The fragility of life: a mesmerizing account of a baby lost to miscarriage
By Dave AndruskoAs happens so often, courtesy of the “World Wide Web,” a reader ran across a story I posted a while back and commented. The topic struck home with her in such a compelling way I am taking the liberty of reposting the story for others who may feel the same response.
The day is rapidly getting away from me. I want to make sure that if I get to no other story today, I tell you about “THANKSGIVING IN MONGOLIA: Adventure and heartbreak at the edge of the earth,” by Ariel Levy which appeared in the New Yorker.
It is Ms. Levy’s deeply sorrowful account of her miscarriage while on assignment in, of all places, Mongolia.
Over the decades I have read many stories of wanted babies lost, despite all that the mother could do. And, like anyone with a huge extended family, there have been many miscarriages in the Andrusko/Castle clan. But perhaps because our daughter-in-law recently delivered our second grandchild safely, this essay really hit home
Tragically, Levy blames herself for flying thousands of miles while in her 19th week, although her doctor assures her that had nothing to do with the loss of her baby boy. (The doctor told her she had a placental abruption, a very rare condition and that her miscarriage could have happened any place. Levy lost her baby in her hotel room.)
While there are a few asides that are hardly PG, I would strongly encourage you to read her narrative. While it is very difficult to read, there are whole sections that remind us just how developed, how amazingly beautiful the unborn child actually is and how profoundly we grieve when a child is lost.
What follows is an extensive quote, which begins just after she writes of tremendous pain so frightful it drops her to her knees:
“I felt an unholy storm move
through my body, and after that there is a brief lapse in my
recollection; either I blacked out from the pain or I have blotted out
the memory. And then there was another person on the floor in front of
me, moving his arms and legs, alive. I heard myself say out loud, ‘This
can’t be good.’ But it looked good. My baby was as pretty as a seashell.
“He was translucent and pink and
very, very small, but he was flawless. His lovely lips were opening and
closing, opening and closing, swallowing the new world. For a length of
time I cannot delineate, I sat there, awestruck, transfixed. Every
finger, every toenail, the golden shadow of his eyebrows coming in, the
elegance of his shoulders—all of it was miraculous, astonishing. I held
him up to my face, his head and shoulders filling my hand, his legs
dangling almost to my elbow. I tried to think of something maternal I
could do to convey to him that I was, in fact, his mother, and that I
had the situation completely under control. I kissed his forehead and
his skin felt like a silky frog’s on my mouth.

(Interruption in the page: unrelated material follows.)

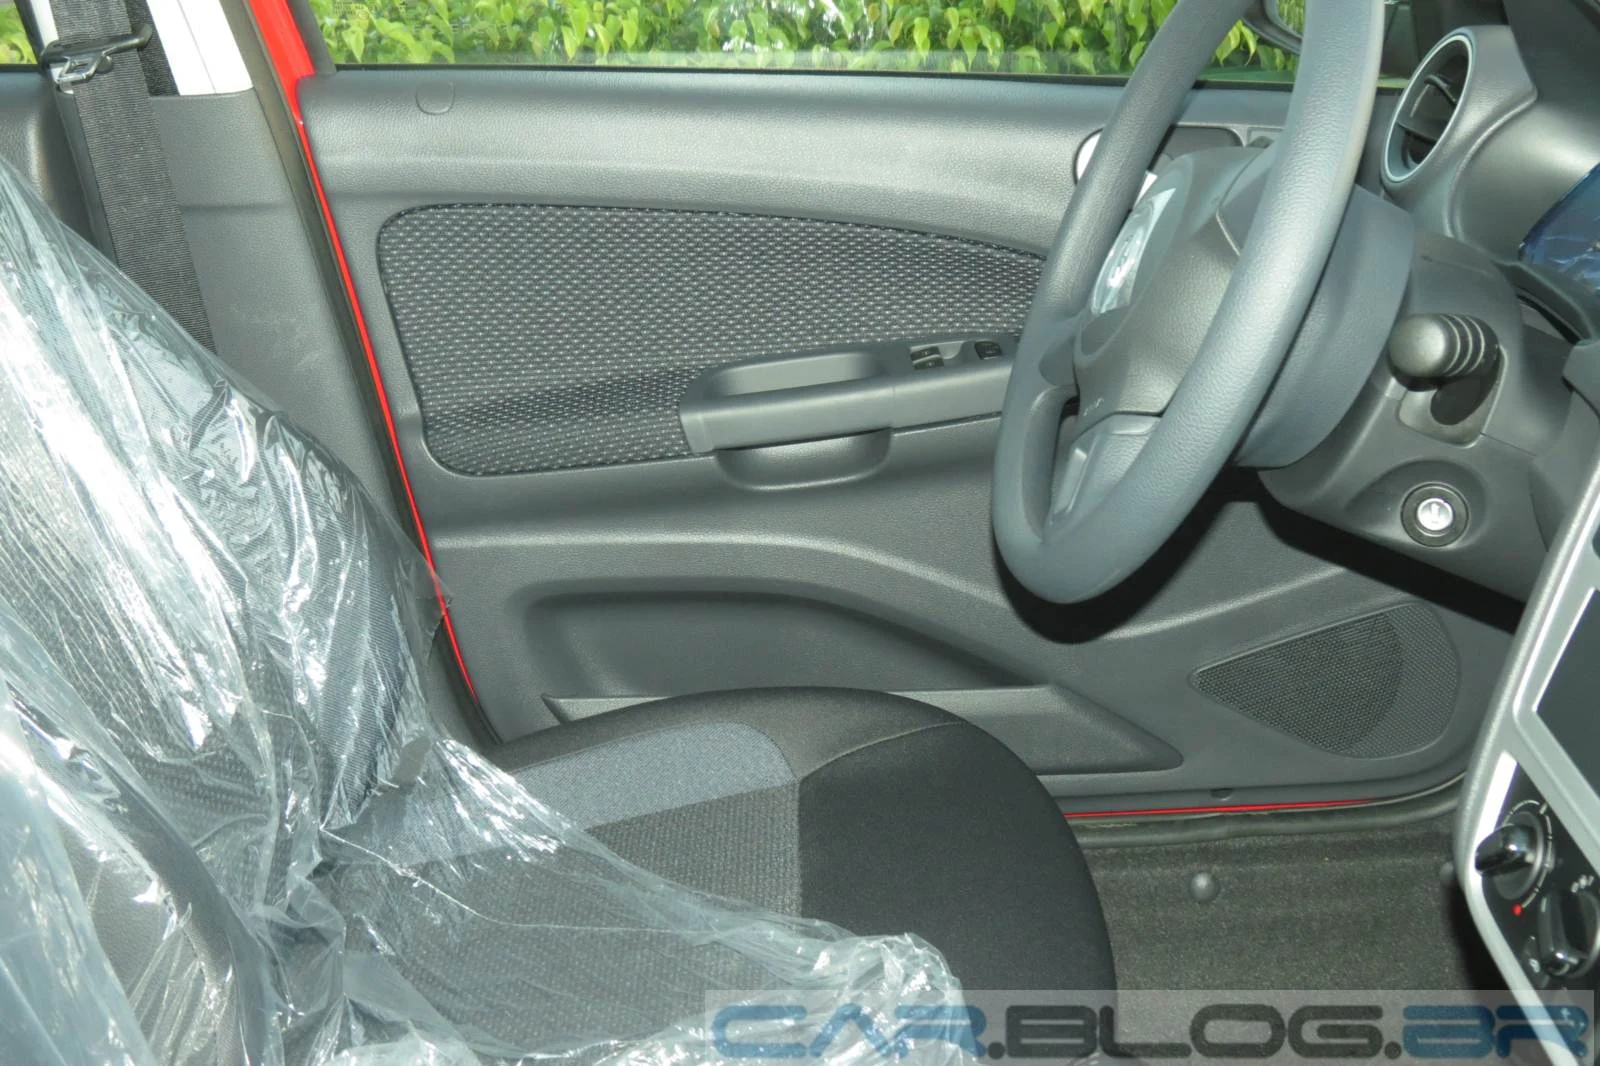 VW Gol Trendline MSI 2015 - interior

“I was vaguely aware that there
was an enormous volume of blood rushing out of me, and eventually that
seemed interesting, too. I looked back and forth between my offspring
and the lake of blood consuming the bathroom floor and I wondered what
to do about the umbilical cord connecting those two things. It was
surprisingly thick and ghostly white, a twisted human rope. I felt sure
that it needed to be severed—that’s always the first thing that happens
in the movies. I was afraid that if I didn’t cut that cord my baby would
somehow suffocate. I didn’t have scissors. I yanked it out of myself
with one swift, violent tug.
“In my hand, his skin started to
turn a soft shade of purple. I bled my way across the room to my phone
and dialled the number for Cox’s doctor. I told the voice that answered
that I had given birth in the Blue Sky Hotel and that I had been
pregnant for nineteen weeks. The voice said that the baby would not
live. ‘He’s alive now,’ I said, looking at the person in my left hand.
The voice said that he understood, but that it wouldn’t last, and that
he would send an ambulance for us right away. I told him that if there
was no chance the baby would make it I might as well take a cab. He said
that that was not a good idea.
“Before I put down my phone, I took a picture of my son. I worried that if I didn’t I would never believe he had existed.”
People try to say the right thing—sometimes they do, sometimes they don’t. But Levy wants them (and us) to know this loss was of a somebody, not an abstraction or a “potential person.”
She writes, “I had given birth, however briefly, to another human being, and it seemed crucial that people understand this. Often, after I told them, I tried to get them to look at the picture of the baby on my phone.”
By everything she wrote Levy’s healing will be very slow, very gradual. Perhaps this is because she was older when she became pregnant, having not really thought that parenthood was necessarily for her. Although she never says it in so many words, Levy likely believes this was her only chance to bear a child.
Say a prayer for her and all the other mothers who have lost babies to a miscarriage.